When a character does that it offers up delicious possibilities for conflict (between expectation and reality; between the character’s image of their perfect self, and the actions that self took).

How the character remembers the event may change over time, again shaped by the company they’re keeping and their own changing values.

Allowing the character to retell the same incident three times, at different ages, to different audiences, will allow you to allow the reader to infer what has changed in their lives without you having to spell it out. 

Short story readers love a puzzle, so this seems like a really promising framework for a short story.

You don’t need to provide transitions or explain time breaks, or even who your character is talking to. Let the reader do some detective work.

Here’s another example:

The Prompt

Your story starts with a character standing on a windswept, desolate plain. How did they get there? What do they want? And what is that on the horizon, and why is it getting closer?

Notice, I don’t tell you what kind of character to choose or where to place him/her. That’s up to you. Dig into your Story Sparks and see if you can find inspiration for a character who might have these qualities.

Here are the tips I provided for this prompt:


This story can take place anywhere, at any time and with any kind of protagonist.

It could be a space opera, a farce, the climax of a tense kidnap story told in flashbacks, a mystery, a comedy, a romance or a heartbreaking work of staggering genius.
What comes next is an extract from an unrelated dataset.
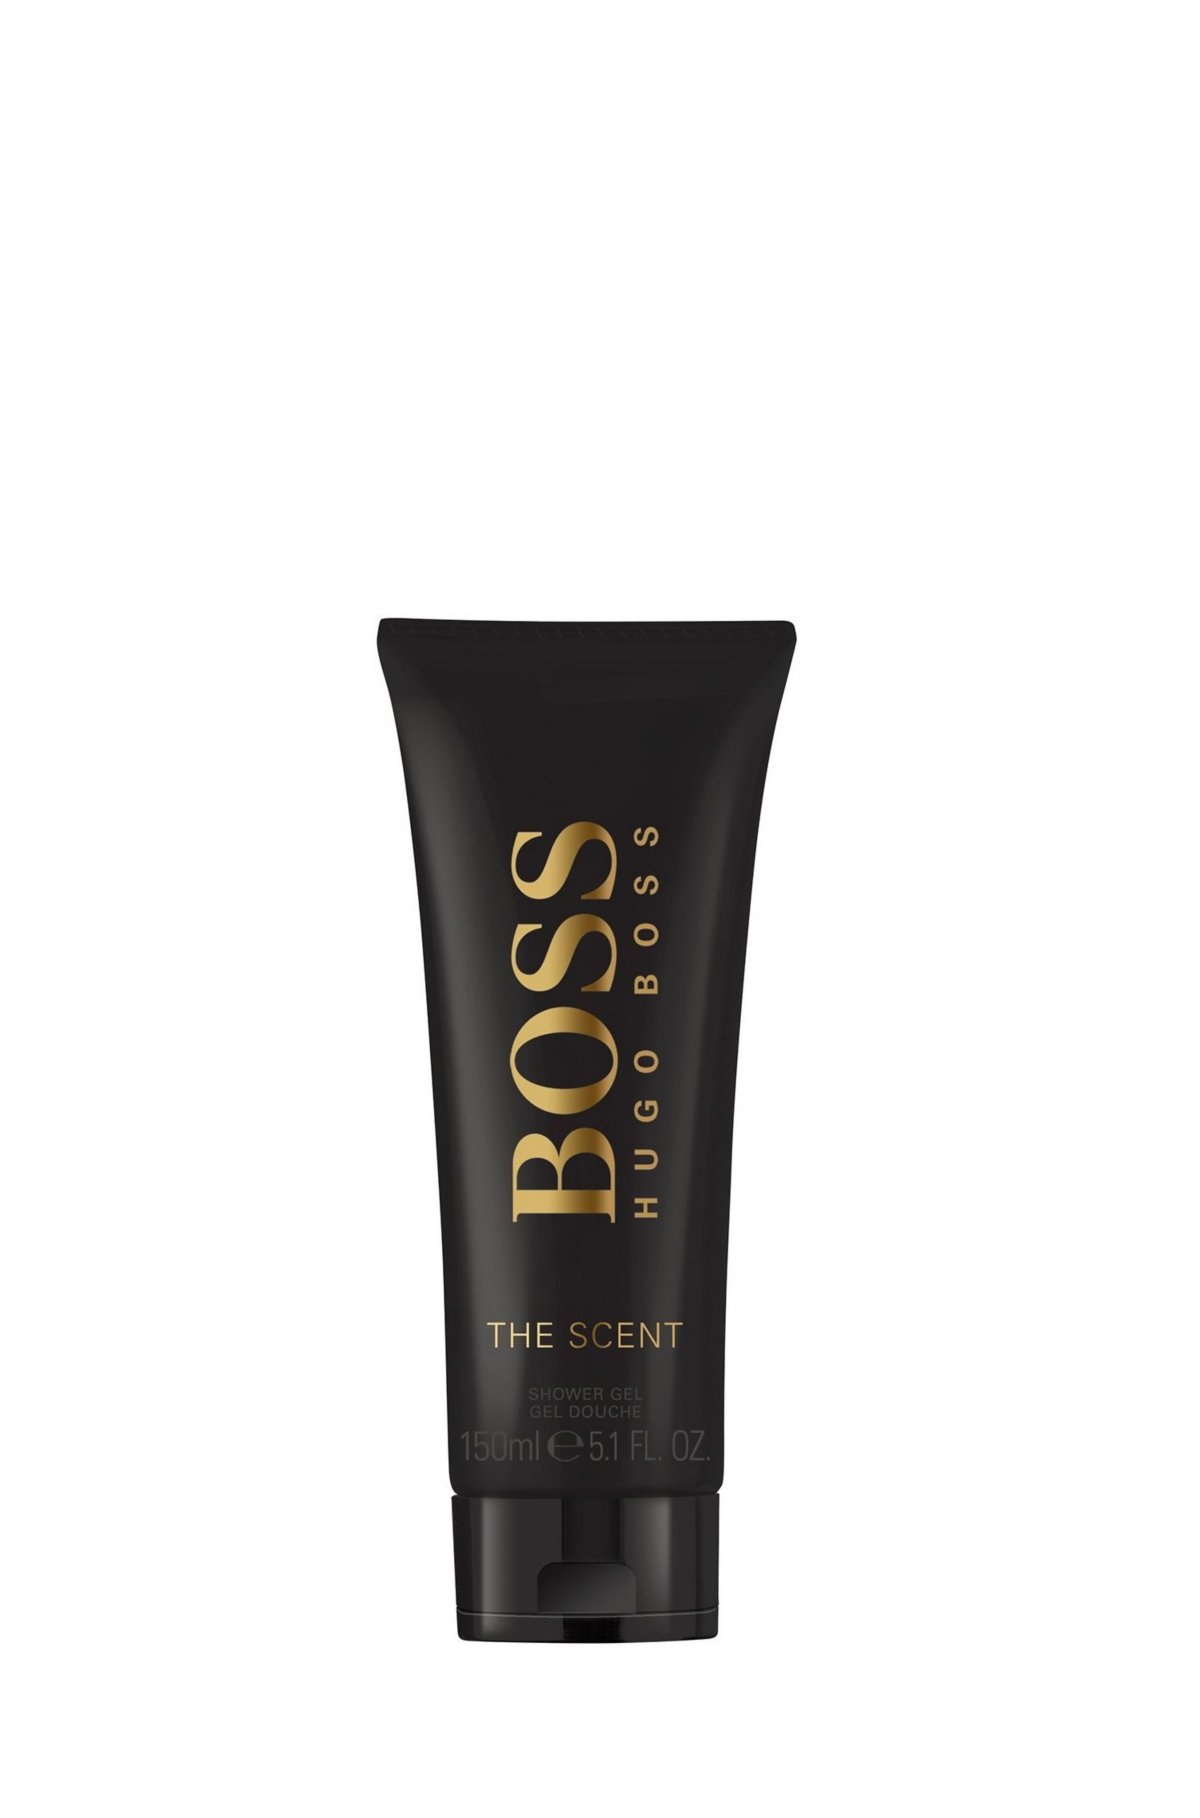 The gel BOSS BOSS 150ml shower Scent -

Whatever your taste runs to.

You don’t ever have to explain why the character is there or what is approaching. You can focus on the character, his/her emotions, memories or senses and still have a satisfying story.

Your story can stay on the plain or, if you’re not the outdoorsy type, have your character scuttle into the huge building right behind her that we couldn’t see in the ‘opening shot’ of the story.

Consider sharing this with other people in the community who are writing to the same prompt. If you ever had any concerns about not being able to write anything ‘original’, sharing the results of this prompts should cure you of that!

Again, you’ll need to bring your own ideas to this exercise. It’s not a scenario that dictates any details about the story, but rather a prompt; a way into finding a character and a story that matter to you.

And that is the only way to write a story that matters to readers.

So go now and start collecting Story Sparks: 3 a day. You’ll thank me, around Day 14, when the creative well is not only dry but cracking and threatening to implode.